Сталин сел в кресло напротив. Между ними был столик. Между ними было то, что они вместе несли последние шесть лет, и что в эту минуту висело между двумя креслами, не нуждаясь в назывании.

– Мерецков вчера прислал доклад? – спросил Шапошников.

– Прислал.

– Какой темп подвоза?

– Шестьсот тонн в сутки. По плану – семьсот пятьдесят, выходит на восемьдесят процентов. Он считает, что к середине мая дойдёт до девяноста.

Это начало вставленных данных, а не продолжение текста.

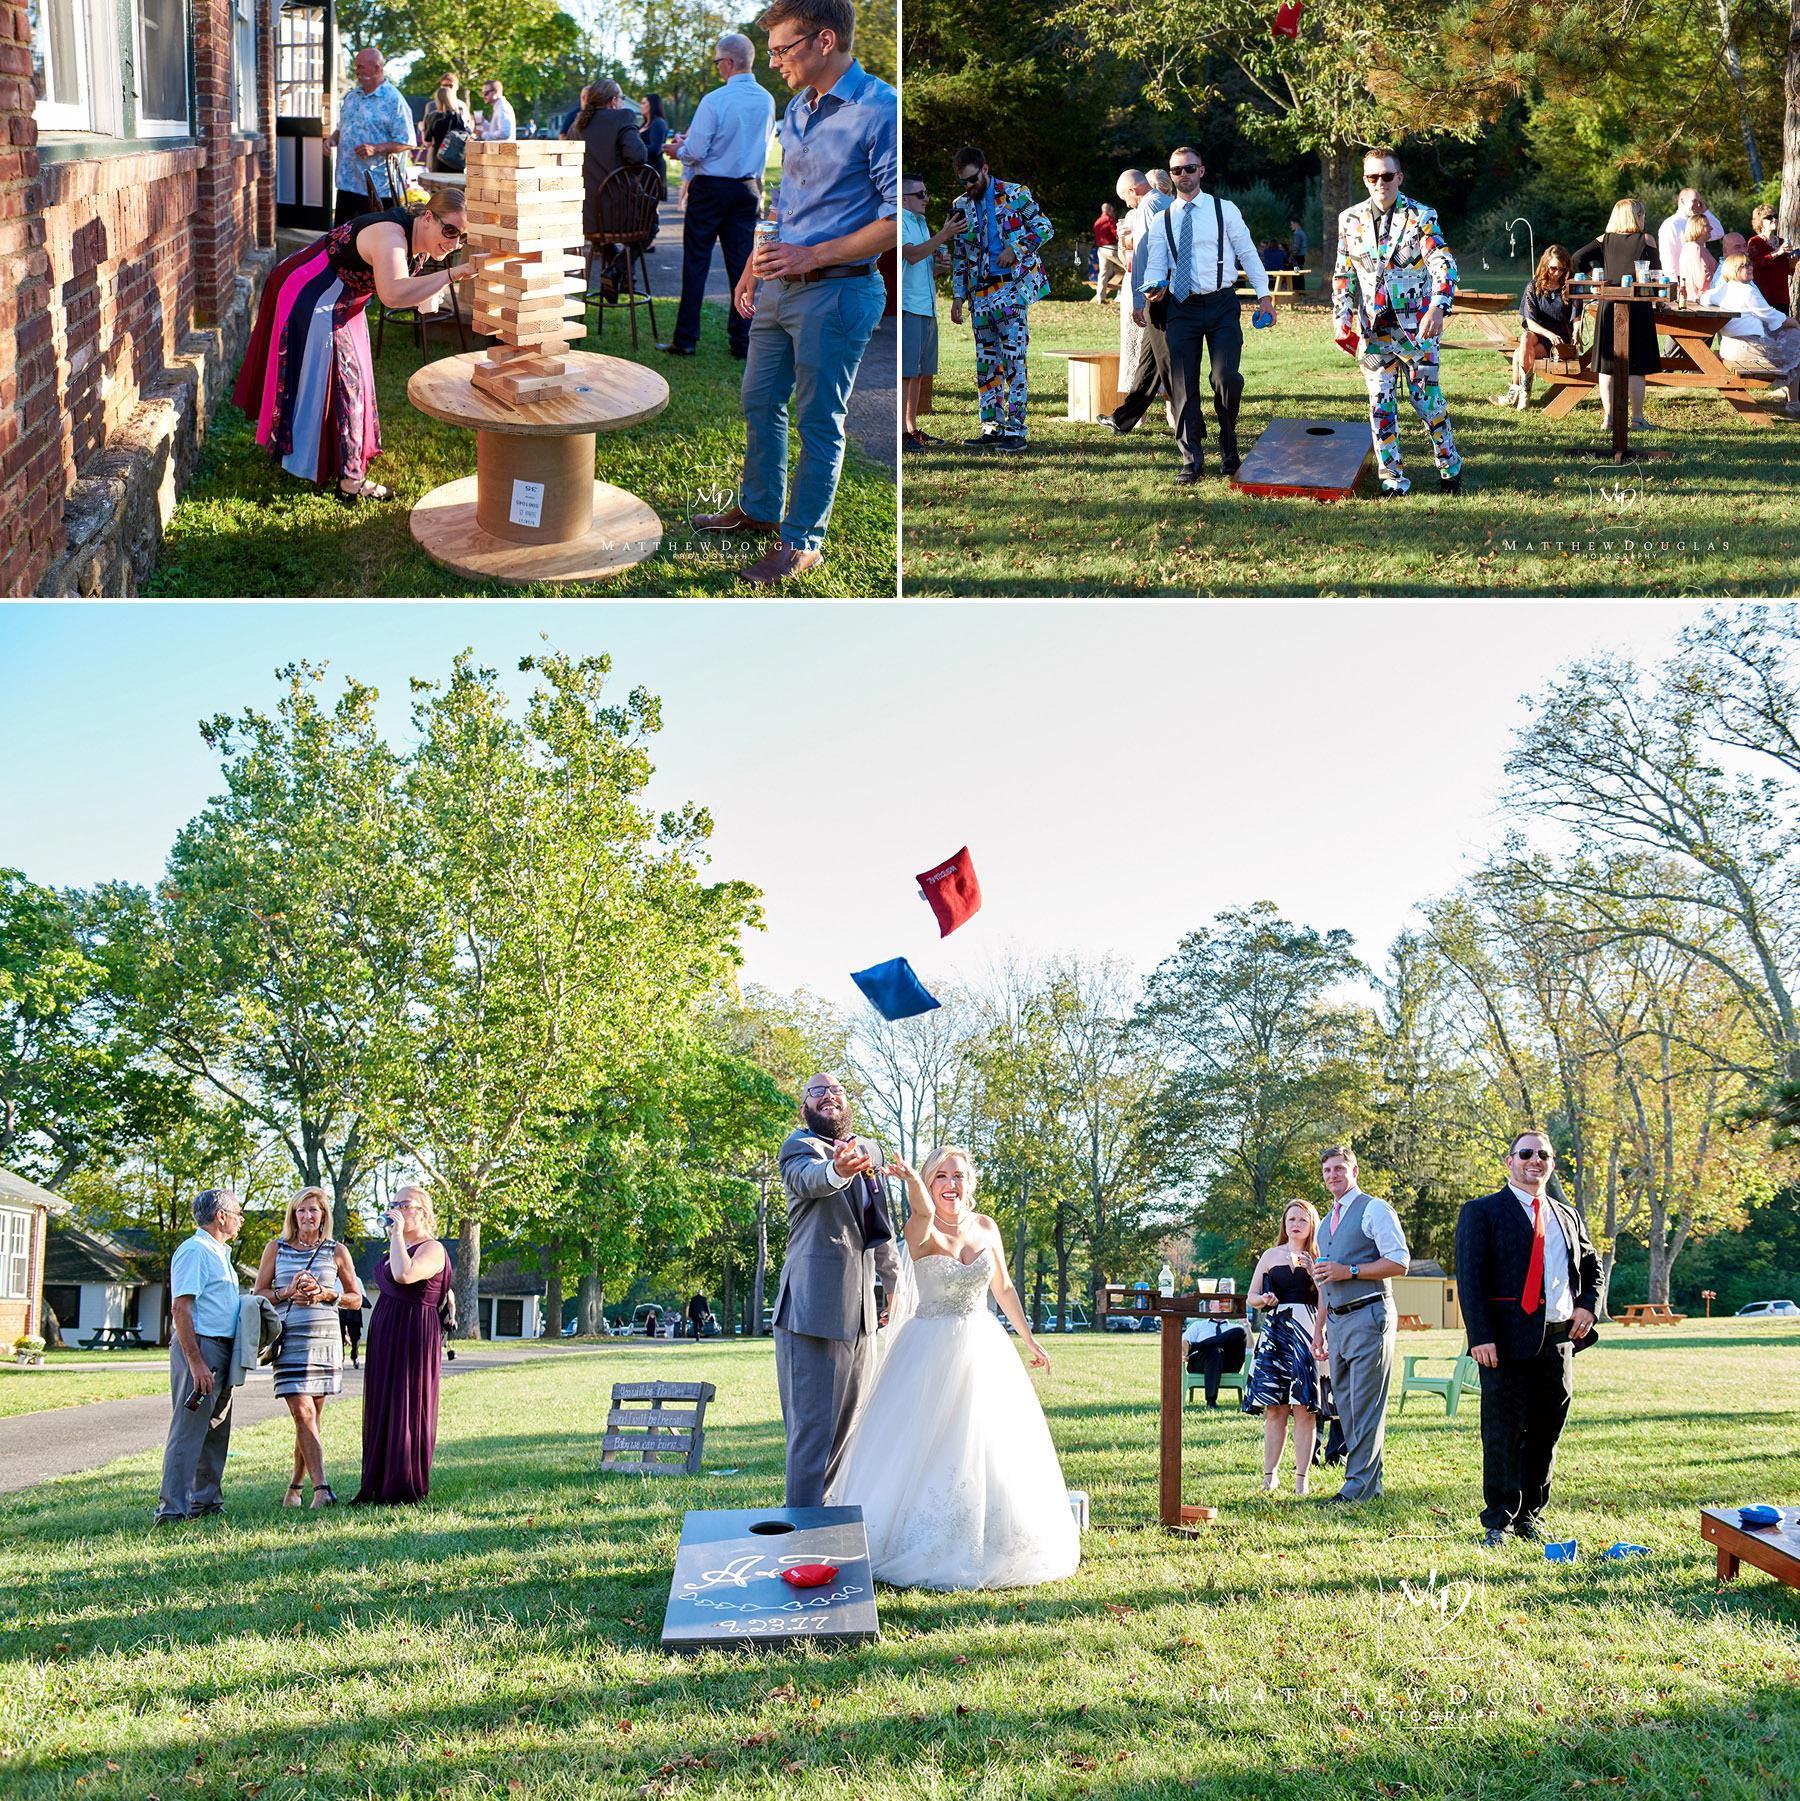 outdoor wedding games at brady life camp
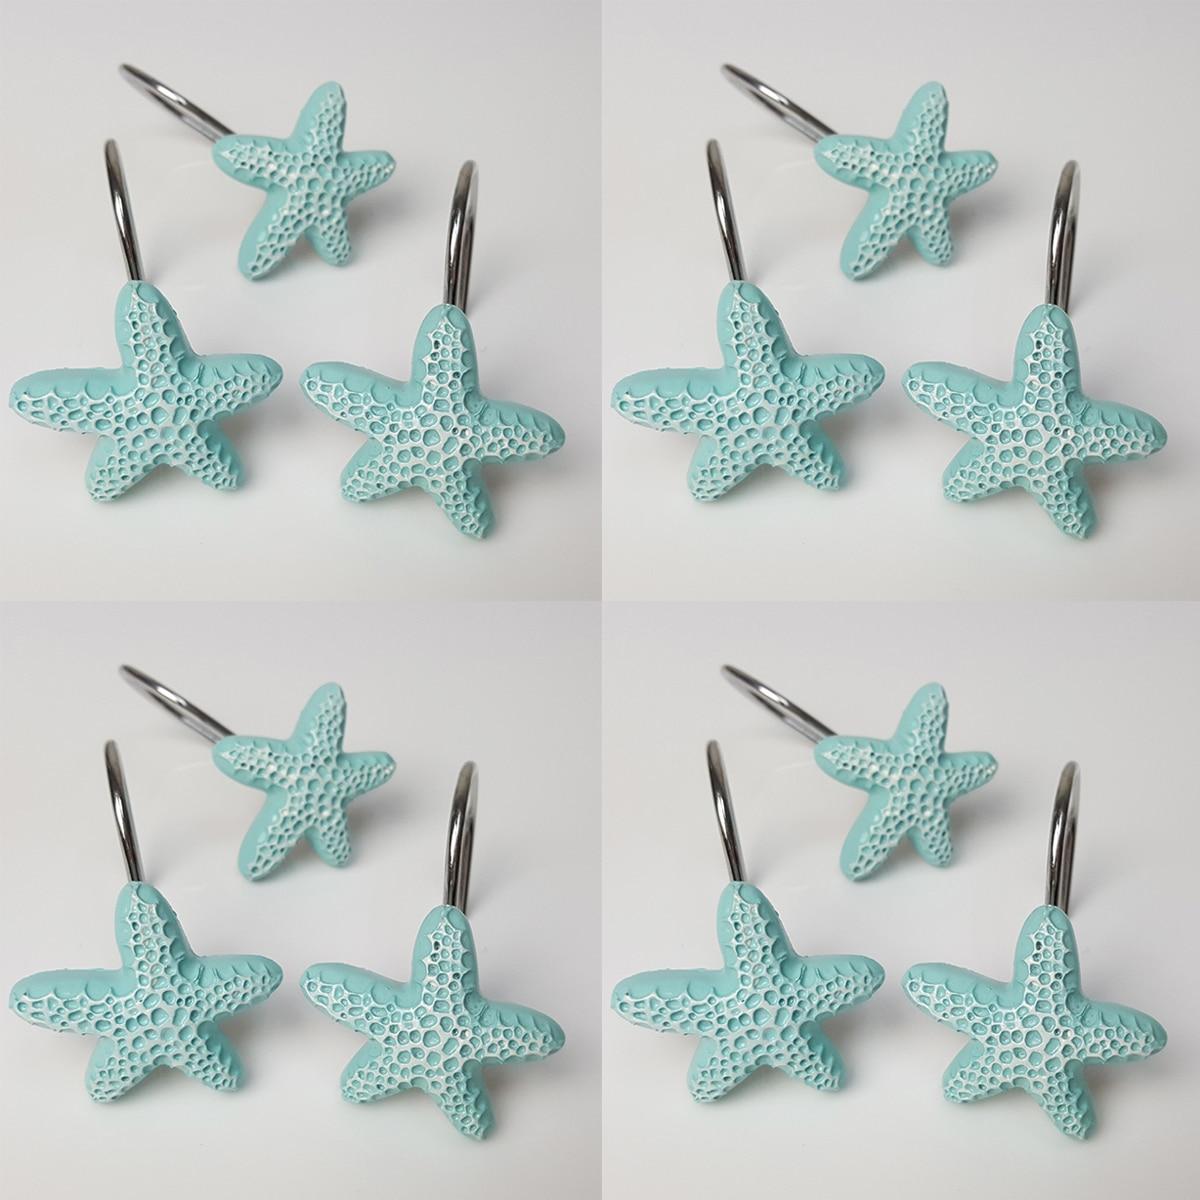 Blue Resin Sea Star Shower Curtain Hooks Bath Hanger Holder Hotel Home Decoration Bathroom Accessories 12PCS Set

– Дойдёт. Когда дойдёт – у Кирпоноса пусть остаётся как сейчас. Не двигайте южные эшелоны на север, даже если будет соблазн. Кирпонос летом понадобится.

– Не двину.

– Конев приедет?

– Не приехал ещё. Через три недели.

Шапошников помолчал. Свист в груди стал чуть отчётливее, потом снова сошёл.

– Когда приедет – посмотрите его второй вариант. Не первый. Первый он напишет, чтобы вы видели, что слушался. Второй – это то, что он сам думает. Они часто не совпадают. Сейчас особенно.

– Я знаю.

– У Рокоссовского карта будет точная. Он этого не отдаст никому, проверит сам. На него за это можно полагаться.

– Я полагаюсь.

– И ещё. Александр Михайлович. Когда я уйду, не нагружайте его сразу всем. Он работает обстоятельно, и обстоятельность эта – его сила, но в первый месяц, пока не привыкнет, ему понадобится, чтобы на нём не было ещё и моих остатков. Передайте мои дела ему чисто, одним днём, без хвостов.

– Передам.

– Вот, в общем, и всё.

Шапошников сказал это спокойно. Без интонации, отделяющей последнюю фразу от предыдущих. И Сталин не сразу понял, что фраза была последней, потому что в её ровности не было того, что обычно бывает у людей, которые знают, что говорят последнее.

Шапошников закрыл глаза. Подышал. Дышал, может быть, секунд тридцать, а может быть, минуту. Потом открыл глаза, посмотрел на Сталина не пристально, а как смотрят на хорошо знакомый предмет в комнате, который видишь не потому, что разглядываешь, а потому, что он есть. Потом снова закрыл глаза.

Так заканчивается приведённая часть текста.